The fastest milk round in town

Early morning paper round

In the early 1960s I used to have an early morning paper round from the Bon-Bon shop at The Grenadier pub. Every morning the local milk-man and I used to greet each other around about the same place, close to Lark Hill and Northease Drive). One day he asked what I earned for getting up six days a week to deliver the morning papers. “Ten shillings”, I replied (50p). “How about working for me on Saturday and Sunday mornings only, and I’ll give you 12 shillings and six pence?” (62.5p) he said. No discussion was needed.

A big pay increase

So I got a 25% increase, and instead of getting up early six days a week, I’d only need to get up two days a week? I was 13 years old and if health and safety knew what was going on they’d have had a field day. I used to ride the running board of the milk float with a bottle of milk in each pocket of my donkey jacket and, usually, two more pints in each hand, while jumping from the moving float to deliver to door. In all the time I worked for the milkman I never had an accident.

A lethal brew on offer

On Saturdays we also used to collect the weekly money due. I remember collecting from the building site hut in Buckley Close one Saturday morning when the foreman asked; “Want a cup of tea son?” He handed me a pretty dirty looking mug and pointed to a galvanised bucket hanging on a tripod over a fire in the middle of the hut. The tea in the bucket already had everything added. Tea, water, sugar and milk were left brewing all day long. Just dip in the mug and enjoy. I managed to make my excuses and leave. Great memories.
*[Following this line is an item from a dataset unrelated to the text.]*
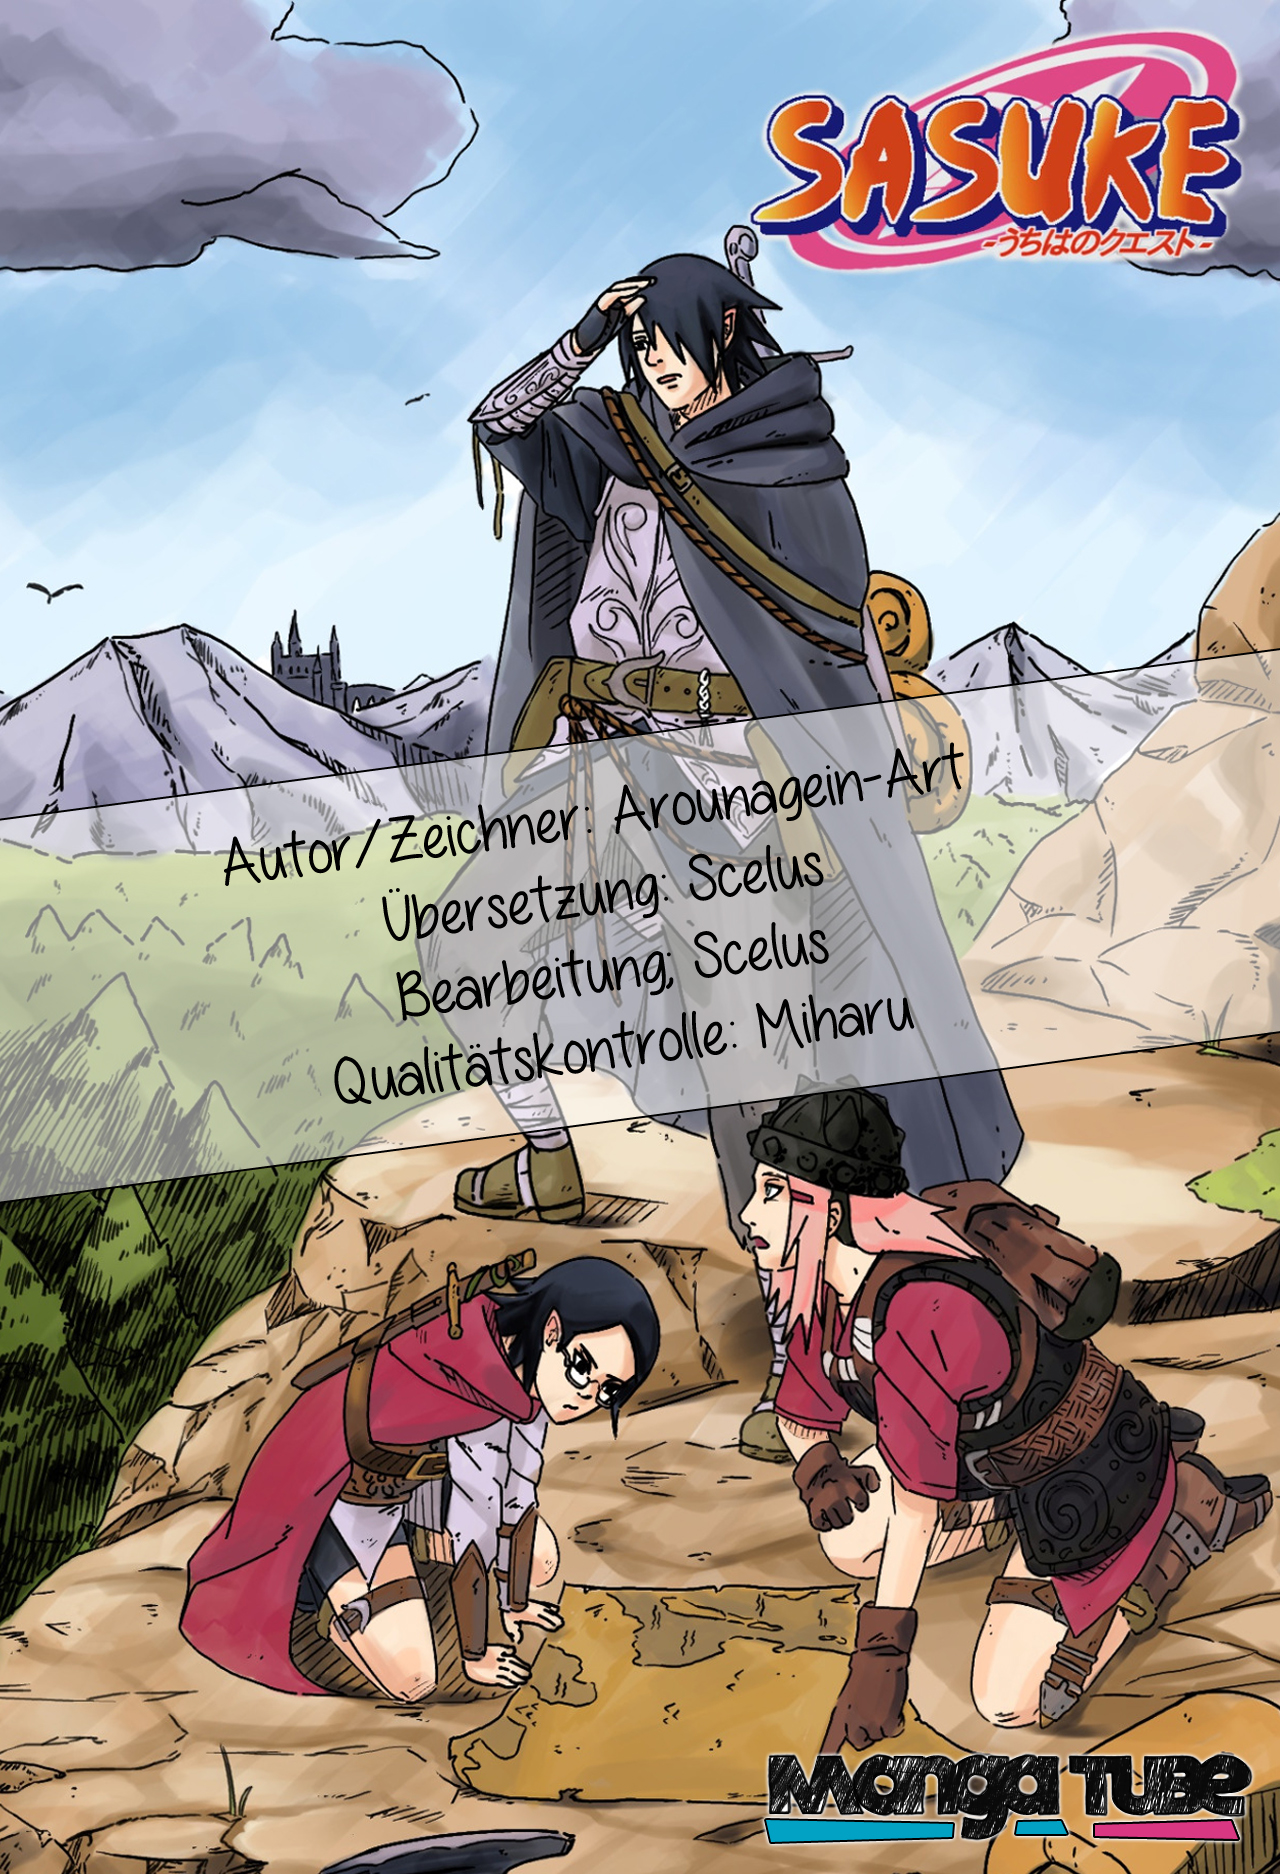 Naruto Doujinshi Kapitel 2: Sasuke x Sakura Seite 1 - Manga auf Deutsch

Maybe I delivered your milk? Do you remember your milkman? If you would like to share your memories, post a comment below.

Comments about this page

  • The milkman’s name was Jim something, by the way.

    By Alan Phillips (25/10/2012)
  • How amazing Alan that after meeting you yesterday 05/04/16, I was looking at this site and saw your post.  I also did a paper round from Bullens and a milk round with a fellow called Ron.
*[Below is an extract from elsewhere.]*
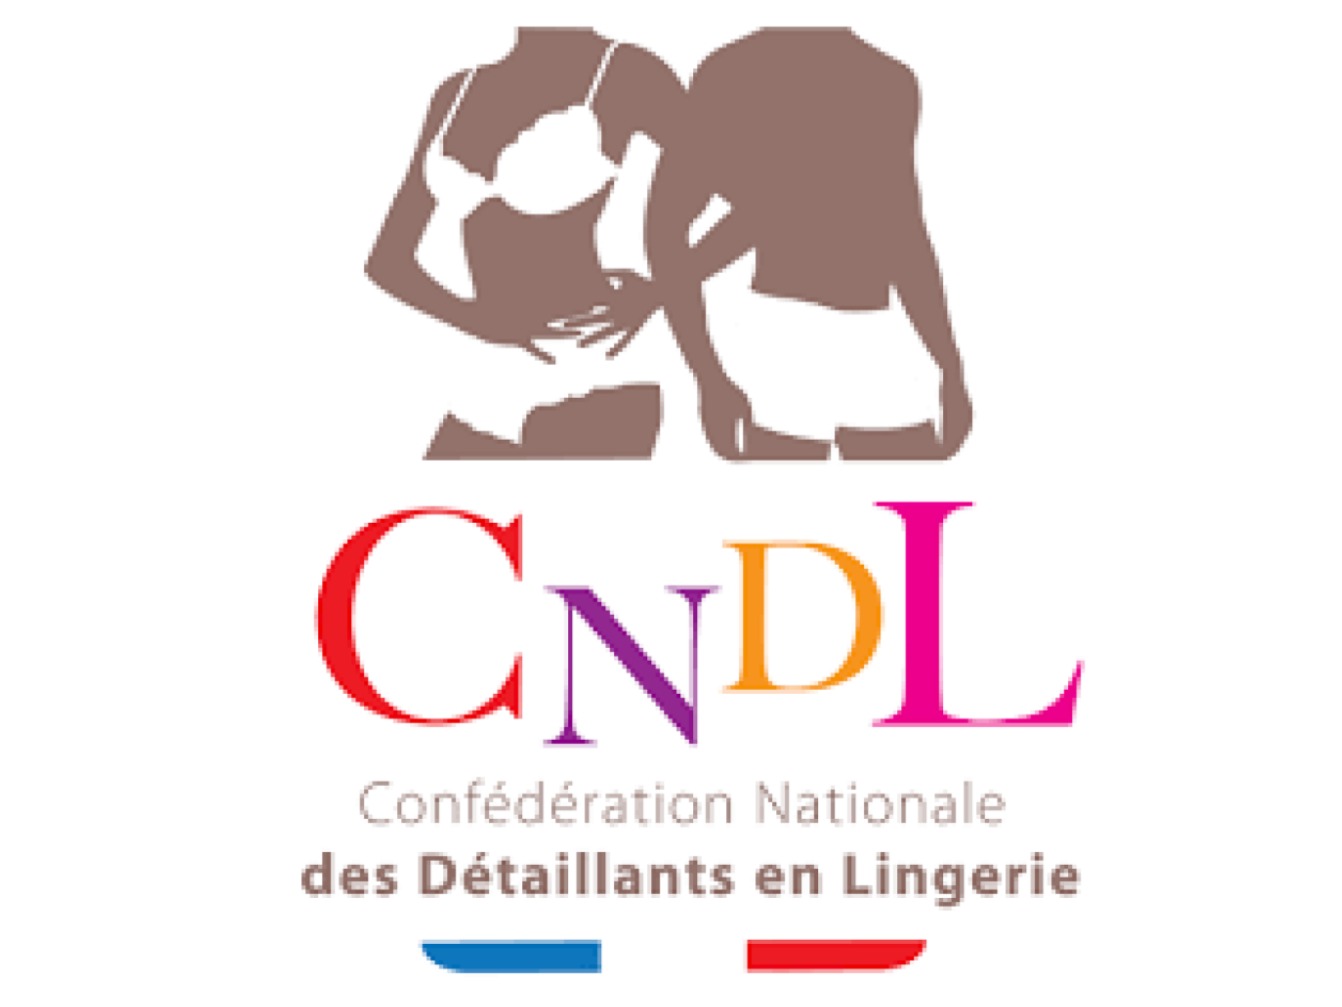 CNDL - CONFÉDÉRATION NATIONALE DES DÉTAILLANTS EN LINGERIE

    By Mel Davis (06/04/2016)
  • My Grandad owned the Bon Bon shop and I lived above it with my Mum. I was often called upon to deliver newspapers when the newsboys did not turn up.

    By Jackie Wells (10/05/2016)
  • To Jackie Wells: I had an evening paper round at the Bon Bon shop 1953/54 delivering about 40 Argus papers mainly to Medway and Fallowfield Crescent area. An old gentleman numbered the papers and was supported in the shop by a younger man. Which one was your Grandad? I can’t recall his name.